Top 10 romcoms of all time

Juno; Ellen Page

The First Post’s nominations for Top 10 romantic comedies - until ‘(500) Days’ came along...

BY Sophie Taylor LAST UPDATED AT 08:31 ON Tue 1 Sep 2009

The new American romantic comedy (500) Days of Summer, directed by Marc Webb, is being talked up as one of the best for years. If it's going to make it into the Top Ten Romcoms of all time, it will have to knock one of these of its perch...

JUNO, JASON REITMAN, 2007
Ellen Page as the wise-ass teenager who gets pregnant with her boyfriend and, on the verge of getting an abortion, decides to keep the baby and give it away for adoption. Its apparent pro-life politics - as with Knocked Up the same year - made it controversial. Screenwriter Diablo Cody won an Oscar.

FOUR WEDDINGS AND A FUNERAL, MIKE NEWELL, 1994
It's smart to knock English screenwriter Richard Curtis and leading man Hugh Grant. But, apart from the weakness of Andie MacDowell's performance, Four Weddings stands the test of time as one of the funniest British films ever made - and one of the most successful. It was overlooked at the Oscars, but cleaned up at the Baftas.

WHEN HARRY MET SALLY, ROB REINER, 1989
The fake orgasm scene in a diner (above) was improvised by Ryan: the famous follow-up - "I'll have what she's having," spoken by the woman at the next table - was Crystal's idea. No Oscars, though Nora Ephron won a Bafta for the screenplay.

WORKING GIRL, MIKE NICHOLS, 1987
Melanie Griffith plays the put-upon secretary who takes over from her female boss (Sigourney Weaver) when she has skiing accident. She climbs the corporate ladder - and falls in love with her employer's boyfriend (Harrison Ford). One of the first films to spot the comedy in a devilish women bosses - a theme picked up by The Devil Wears Prada in 2006.
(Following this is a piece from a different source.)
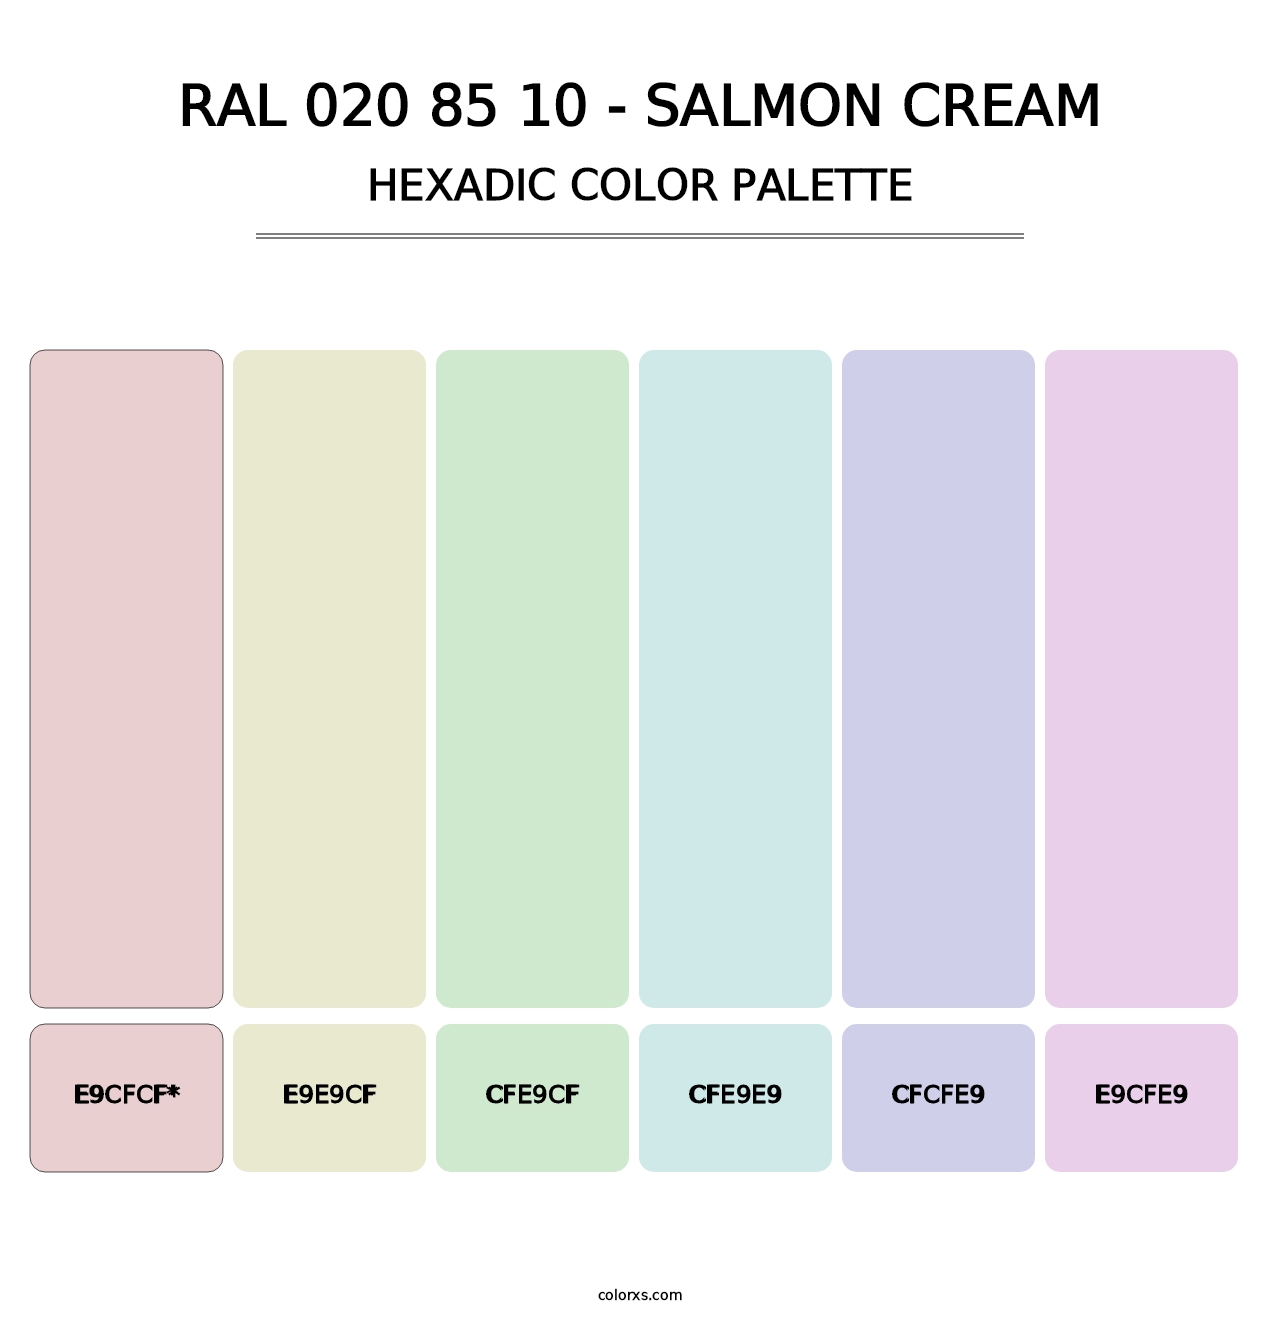 RAL 020 85 10 - Salmon Cream - Hexadic Color Palette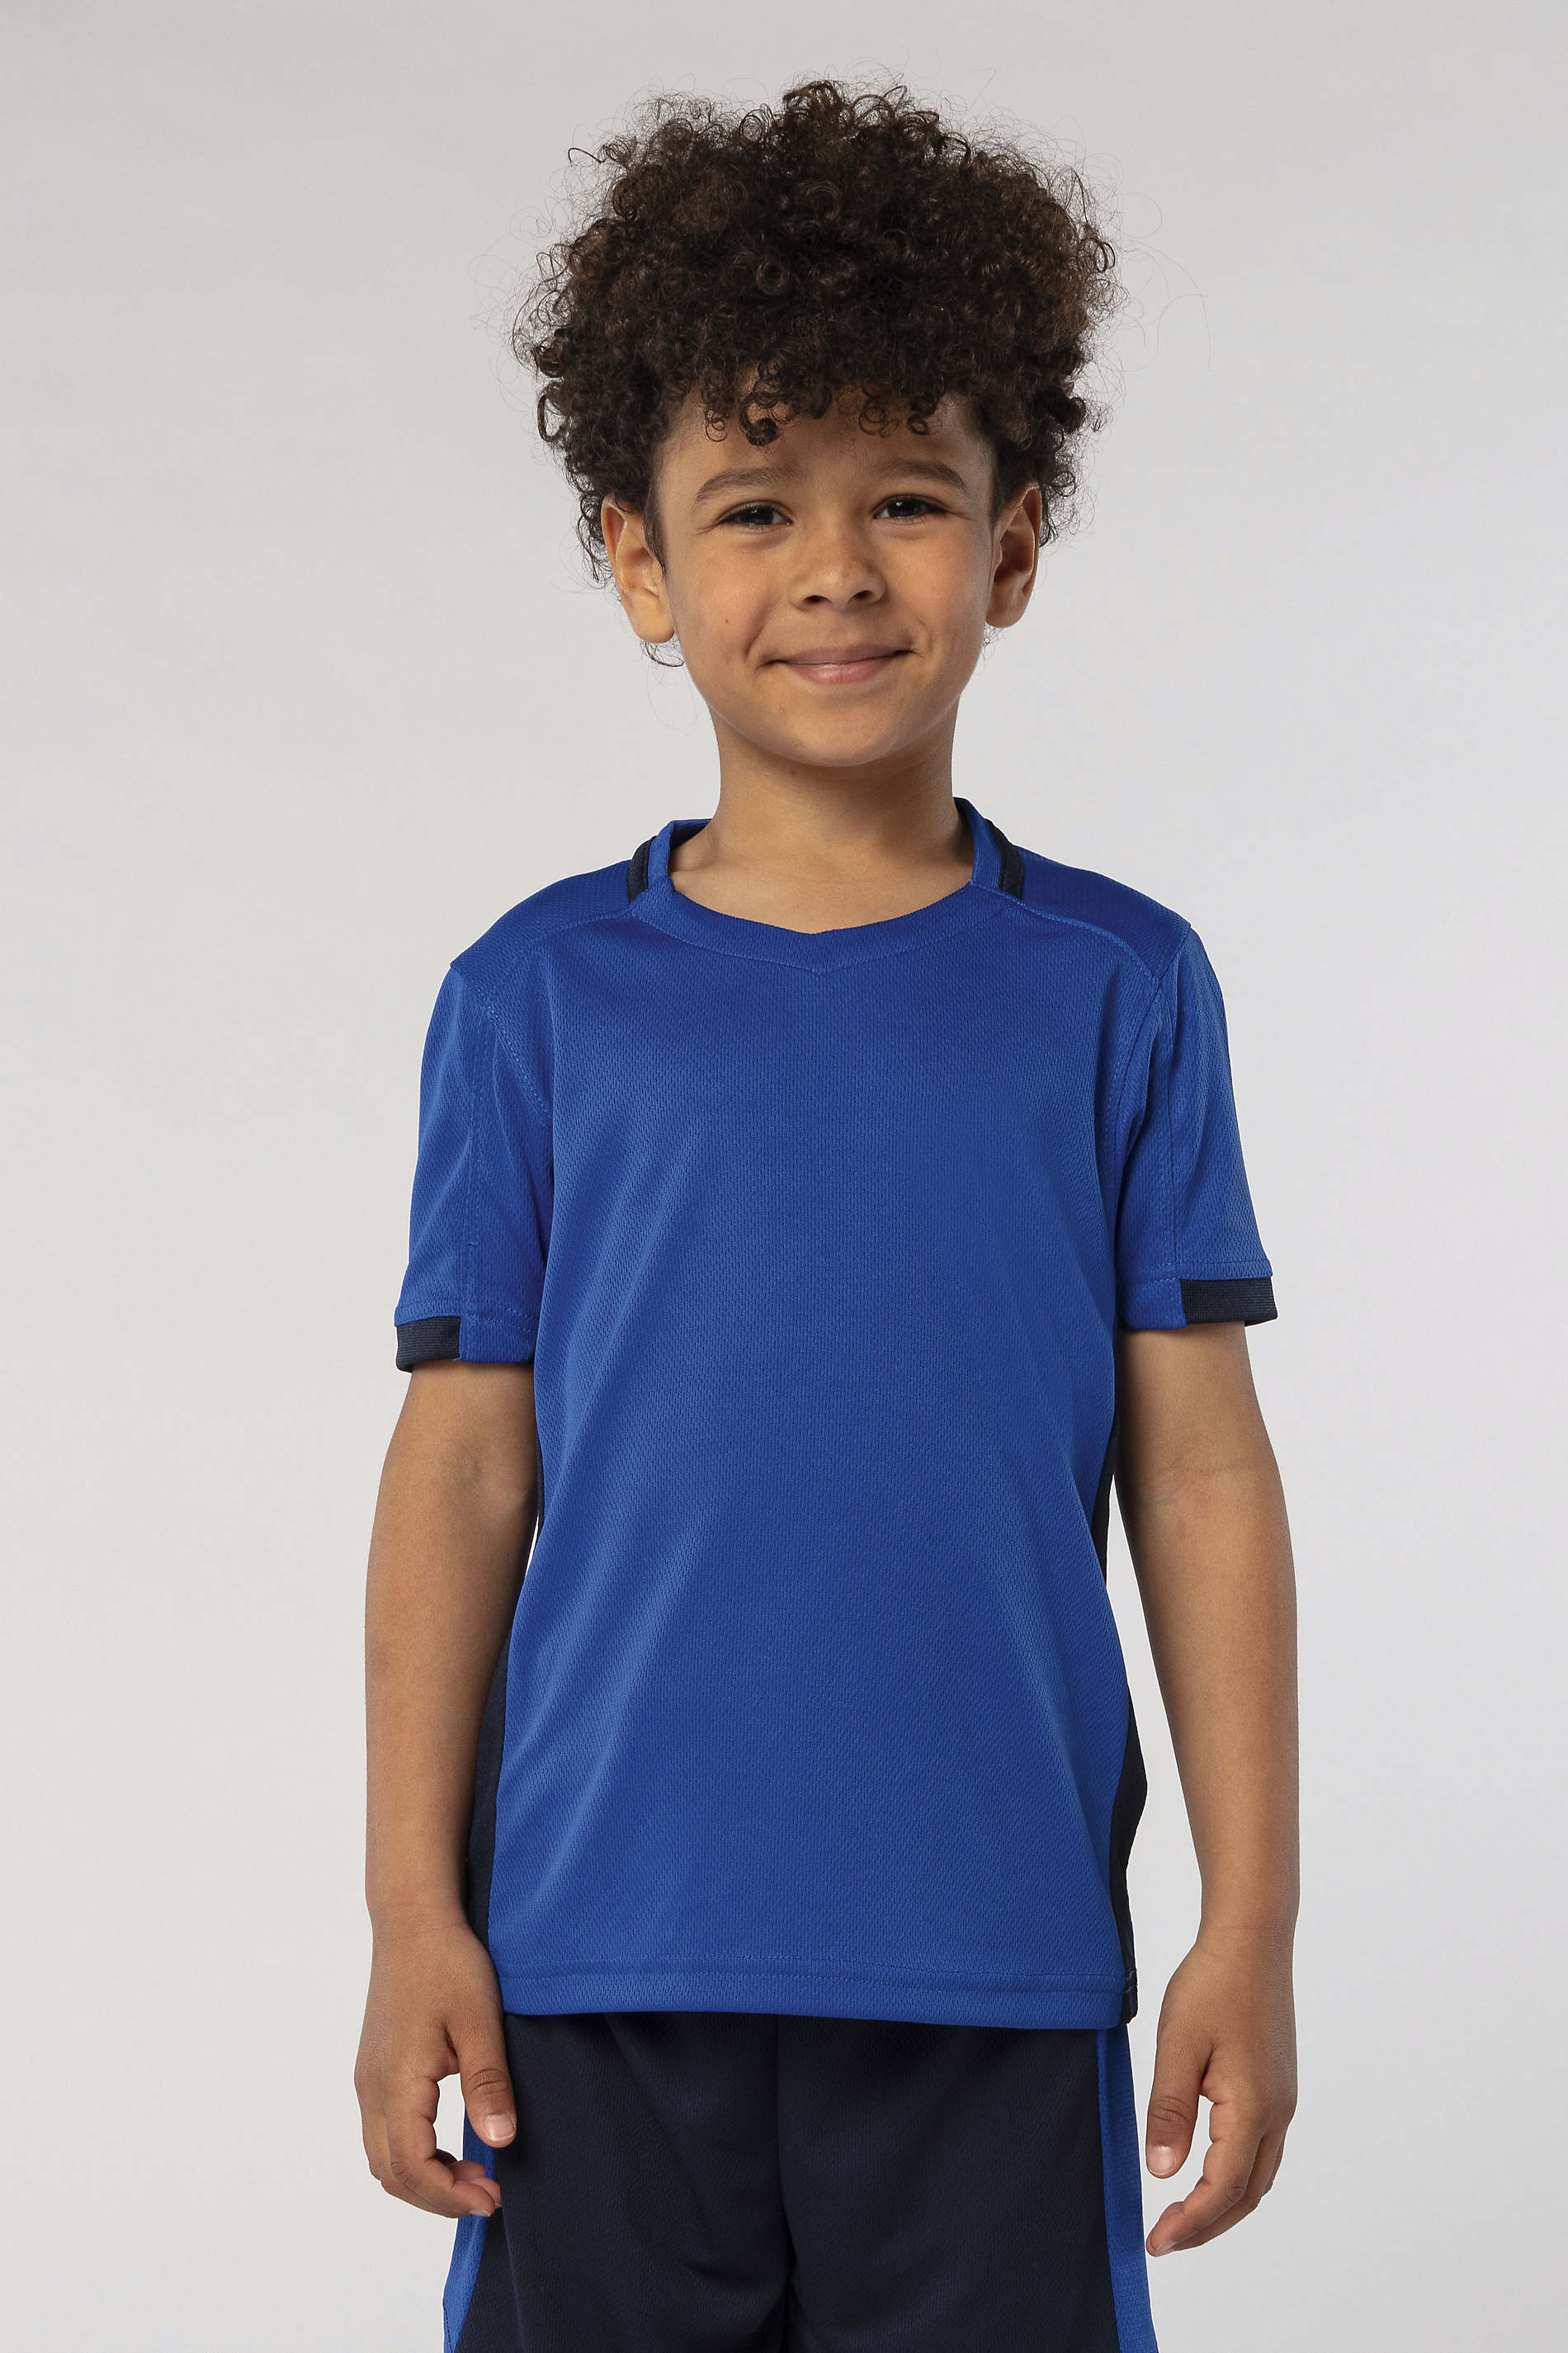 Sol's children's Sport T-Shirt Top Couleurs Fluo Garçons Filles Respirant été PE

ANNIE HALL, WOODY ALLEN, 1977
Neurotic New Yorker Woody Allen meets kooky, shirt-and-tie-wearing Midwesterner Diane Keaton in Manhattan and a roller-coaster love affair ensues. It won four Oscars including best film, best director, best screenplay and best actress for Keaton.

THE APARTMENT, BILLY WILDER, 1960
Jack Lemmon as the miserable office junior who lends his flat to his slimeball boss (Fred MacMurray) to enable him to have an affair with the gorgeous elevator girl (Shirley MacLaine) - who of course falls for Lemmon. It won five Oscars, including best film, best director and best screenplay.

SABRINA, BILLY WILDER, 1954
Tough guy Humphrey Bogart surprised everyone with his portrayal of the workaholic millionaire who sets out to distract his playboy younger brother (William Holden) from his infatuation with the chauffeur's daughter Sabrina (Audrey Hepburn) - and ends up falling for her himself.

THE PHILADELPHIA STORY, GEORGE CUKOR, 1940
One of MGM's finest hours, with Katharine Hepburn as the wealthy socialite about to remarry when her ex (Cary Grant) and a handsome tabloid reporter (James Stewart) roll up. Stewart and screenwriter Donald Ogden Stewart both won Oscars.

HIS GIRL FRIDAY, HOWARD HAWKS, 1939
Fast and furious screwball comedy with Cary Grant and Rosalind Russell as ex- husband-and-wife reporters. Based on the classic newspaper play, The Front Page. Billy Wilder remade it in 1974 with Jack Lemmon and Walter Matthau - but it proved no equal to Hawks's version.

BRINGING UP BABY, HOWARD HAWKS, 1938
If two comic masterpieces from the same director in two years sounds too good to be true, it was. The film was hated when it was first released and only became accepted over time. Grant gave one of his finest performances opposite Katharine Hepburn and a pet leopard  - the 'baby' of the title.